*The records*:
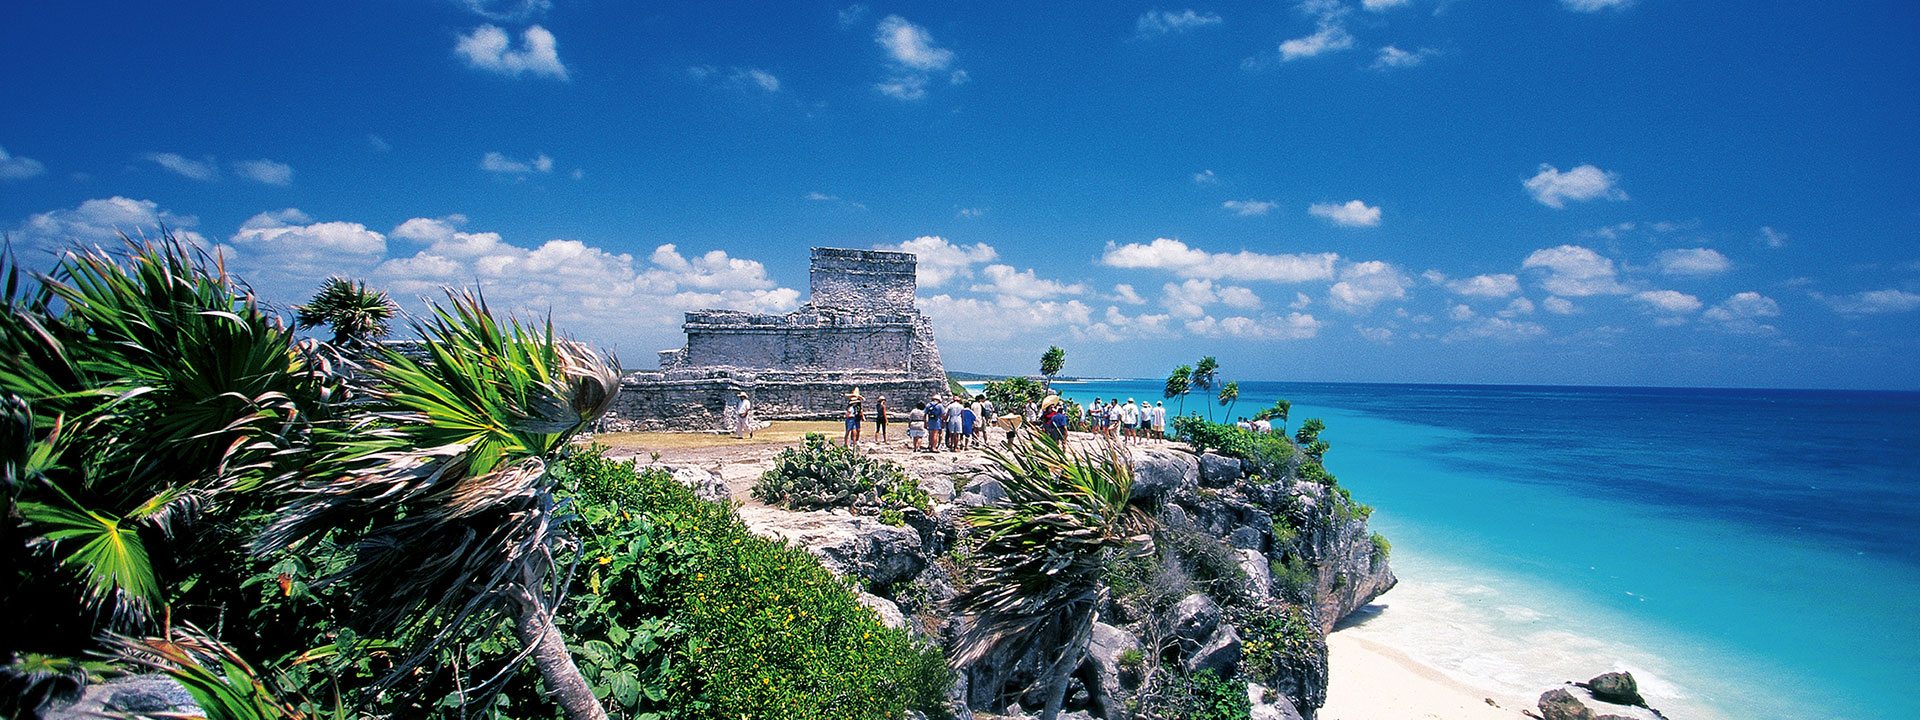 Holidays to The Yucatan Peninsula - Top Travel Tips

---

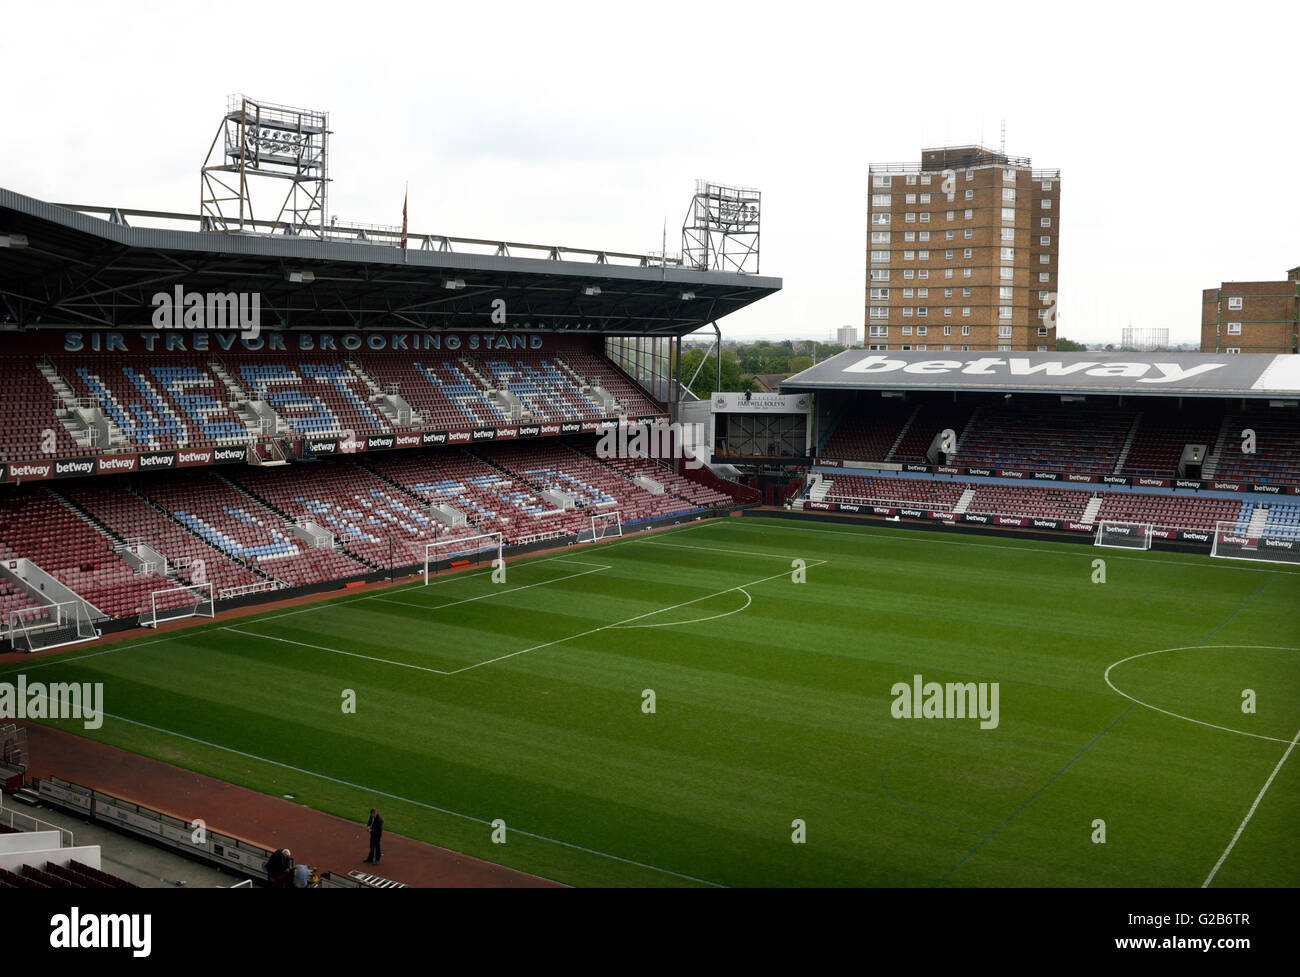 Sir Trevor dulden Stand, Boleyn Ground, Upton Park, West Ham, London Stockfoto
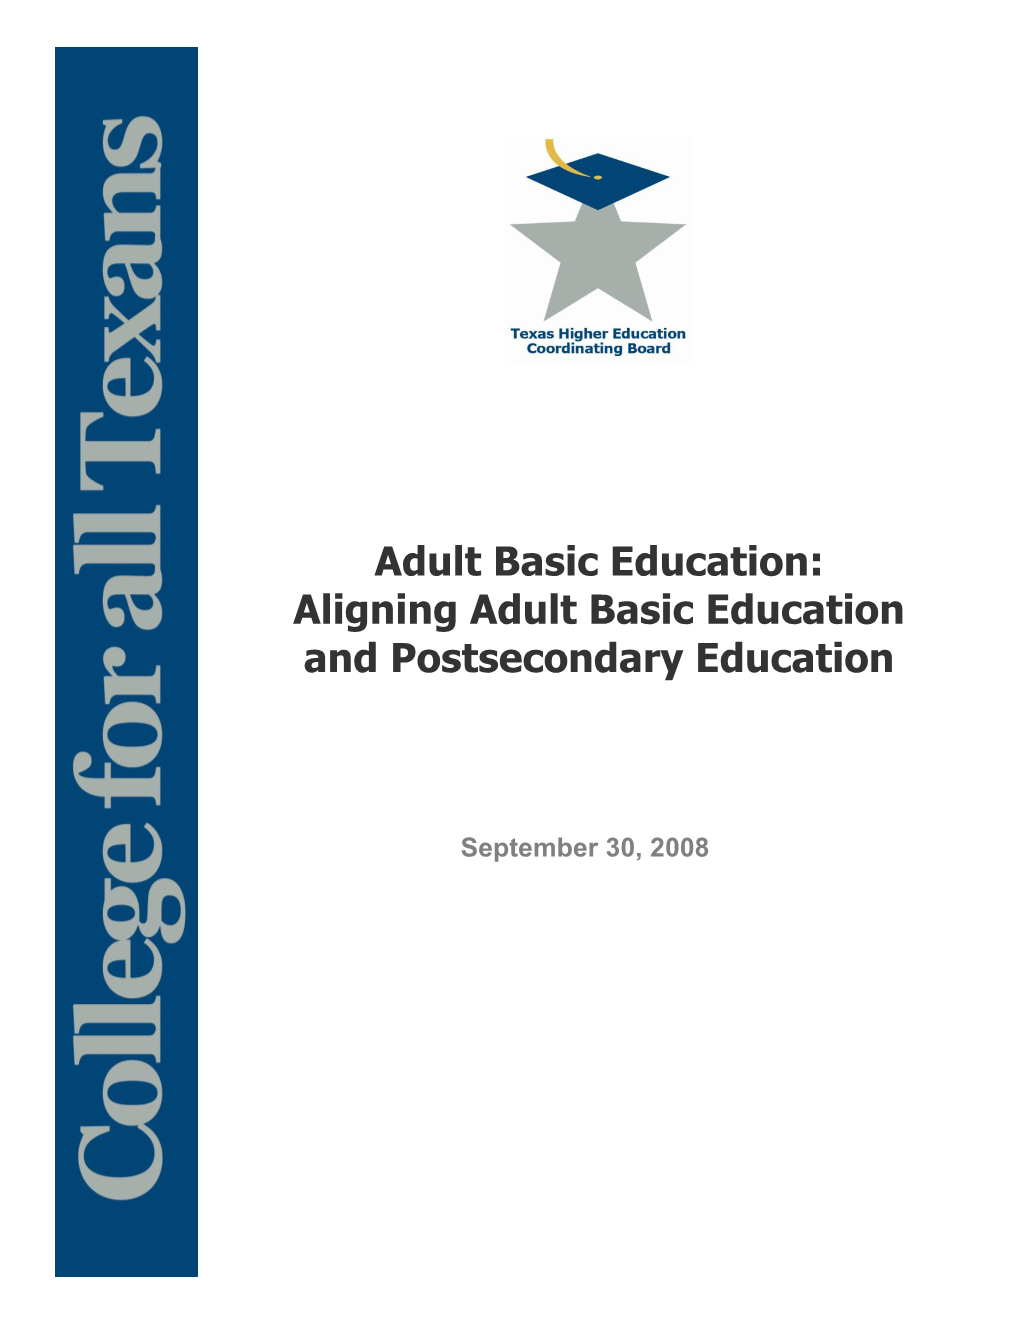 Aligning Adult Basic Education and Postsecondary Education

--

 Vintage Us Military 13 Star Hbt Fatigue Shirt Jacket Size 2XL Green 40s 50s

*What you have to do*: Going back to the data above, write out everything from the line with "Sir Trevor dulden" down to the line with "Aligning Adult Basic", both included, leaving every picture out.

*Reply to the exercise*:
 Sir Trevor dulden Stand, Boleyn Ground, Upton Park, West Ham, London Stockfoto
 Aligning Adult Basic Education and Postsecondary Education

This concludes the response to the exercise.